The Jagged Frontier of AI
IN ONE SENTENCE
AI is brilliant in some areas and mediocre in others, and no one can predict where the boundary lies.
THE OBSERVATION
Ethan Mollick introduced the concept of the "jagged frontier" to describe a phenomenon every company using AI eventually encounters: AI models don't progress uniformly. The same model can outperform an expert in financial analysis while failing at a common-sense task an intern would ace. This irregularity isn't a temporary bug: it's the very nature of these systems.
The problem gets worse: this frontier constantly shifts. With every new model version, some weaknesses disappear while new ones appear. Companies that build entire processes around the limitations of a given model end up with obsolete systems as soon as the next update drops.
WHAT YOU NEED TO UNDERSTAND
Test task by task, not as a whole
The most common mistake is globally deciding that AI works or doesn't work for a department. The reality is that each individual task must be evaluated separately. An AI tool can excel at writing meeting summaries but fail at producing reliable sales forecasts; in the same department, for the same user.
Don't over-invest in workarounds
Mollick warns: if you invest heavily to compensate for AI's current weaknesses, you risk ending up with a legacy system built around a jagged frontier that no longer exists.

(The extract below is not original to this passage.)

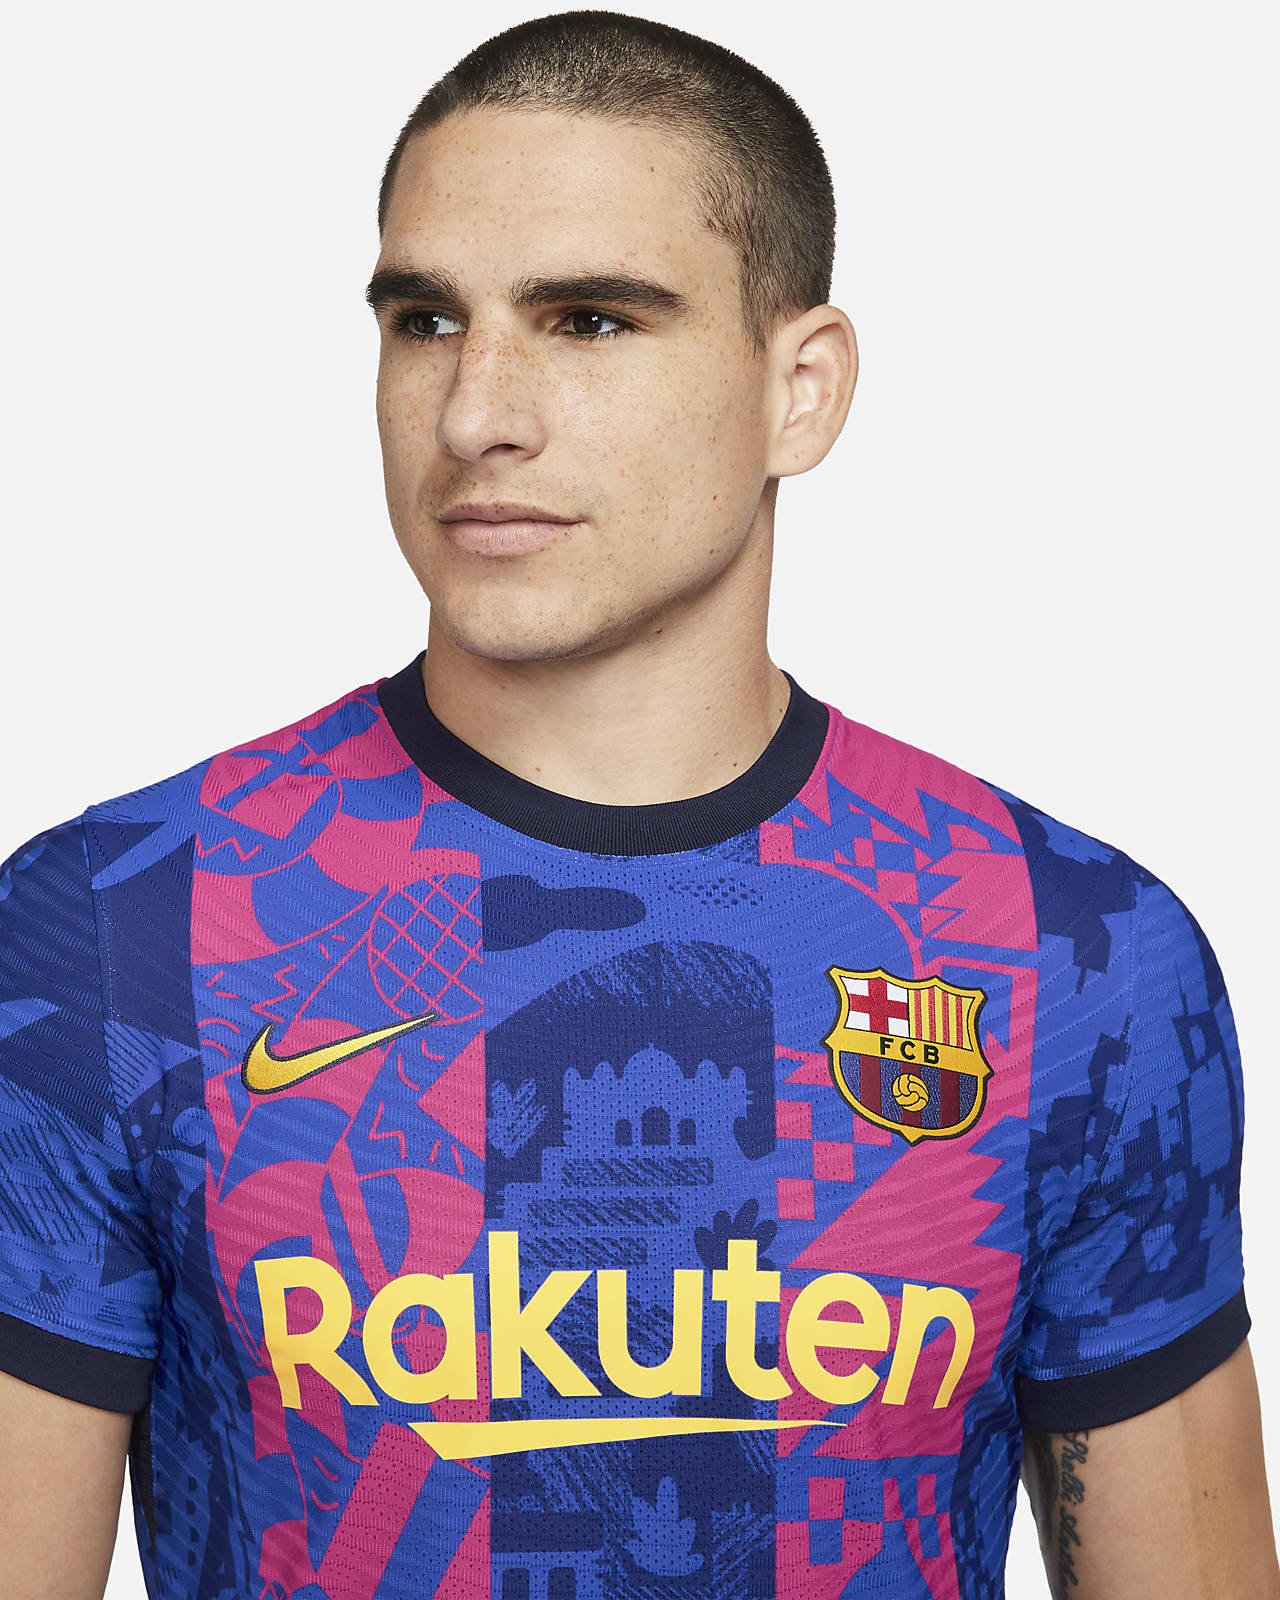 سكر بودرة للحلويات FC Barcelona 2021/22 Match Third Men's Nike Dri-FIT ADV Soccer Jersey سكر بودرة للحلويات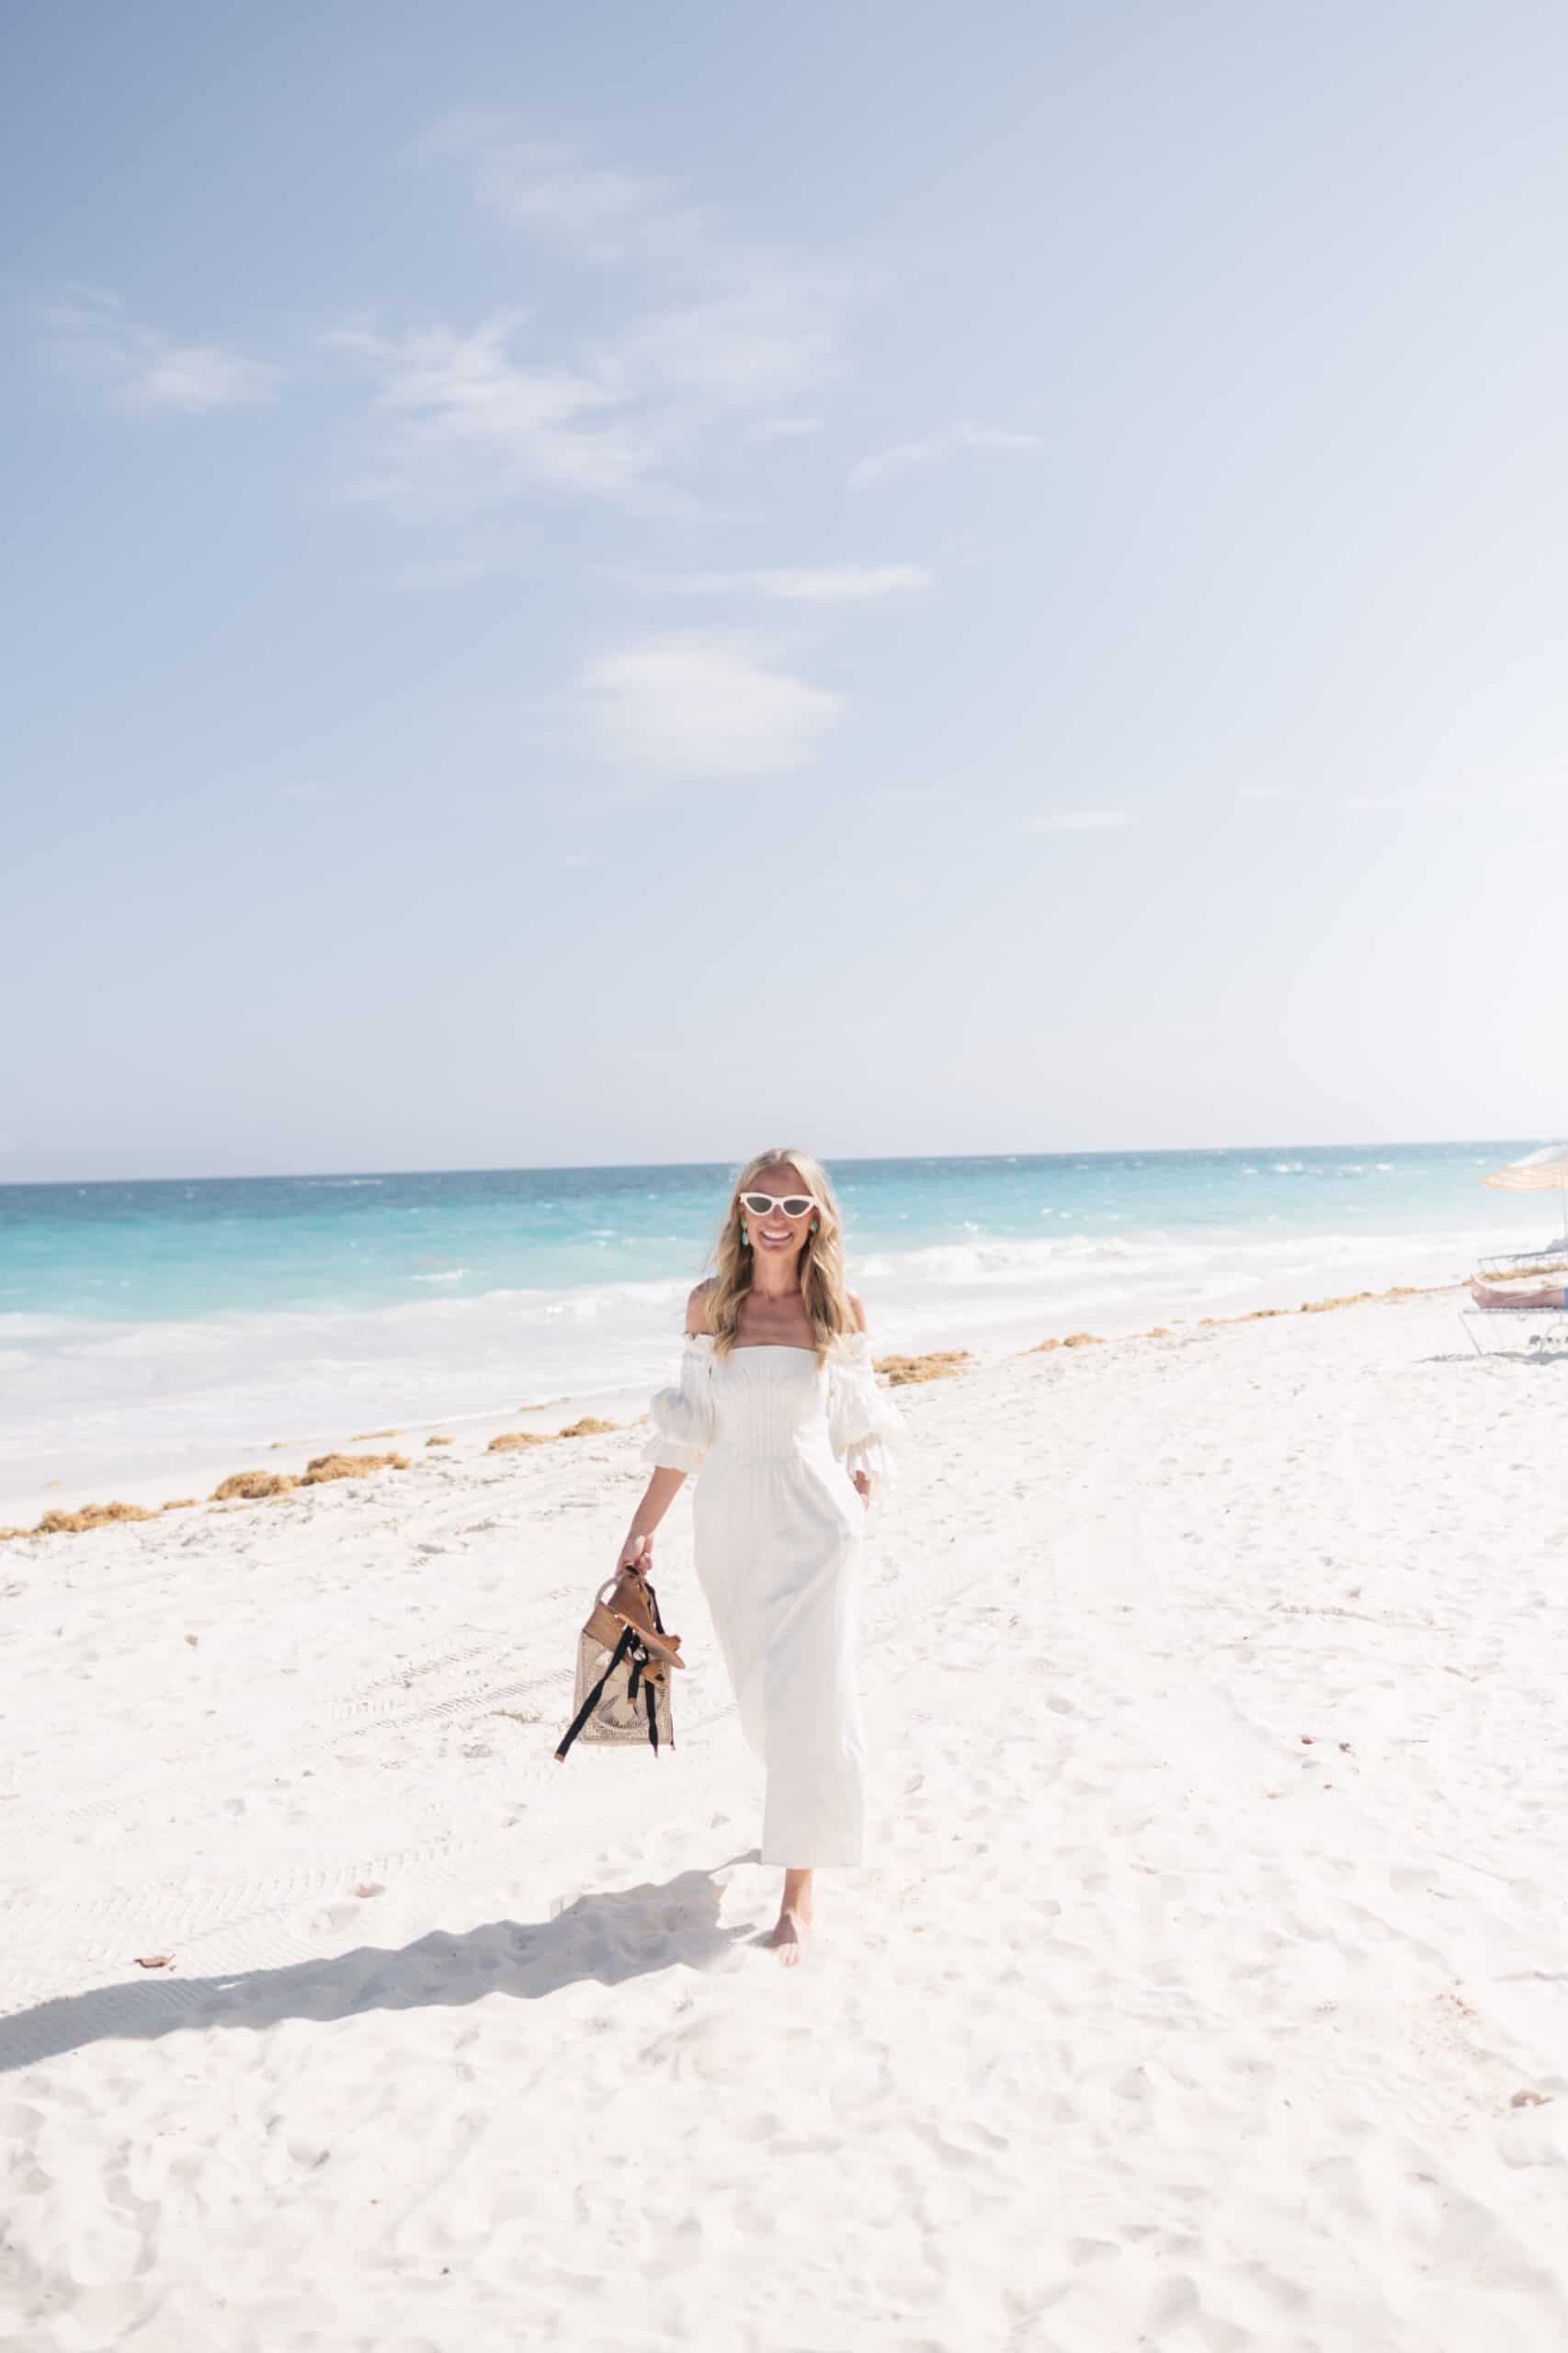 Coral Beach Club Bermuda Wedding - Caribbean Destination Wedding Photographers - The Light + Color

The key is building flexible architectures that can evolve with the models, while accepting that some tasks remain out of reach for now.
The self-driving car analogy
Mollick compares the situation to self-driving cars: systems that are superhuman in some situations but stumble in others. Deployment took years not because the technology was bad, but because this irregularity made trust difficult to calibrate.
WHAT THIS CHANGES FOR YOU
- Implement task-by-task evaluations rather than department-wide: create your own Turing test for each critical process
- Build your AI workflows modularly so you can swap components as models evolve
- Accept the dual bet: fix current weaknesses while betting that many will disappear with future versions
- Train your domain experts to identify where AI excels and where it fails in their field
AI's jagged frontier is not an obstacle to work around: it's a reality to integrate into your strategy. The companies that succeed will be those that systematically test, build flexibly, and accept that the map of AI capabilities is constantly being redrawn. Source: Ethan Mollick, Strange Loop Podcast (Sana Labs), June 2025.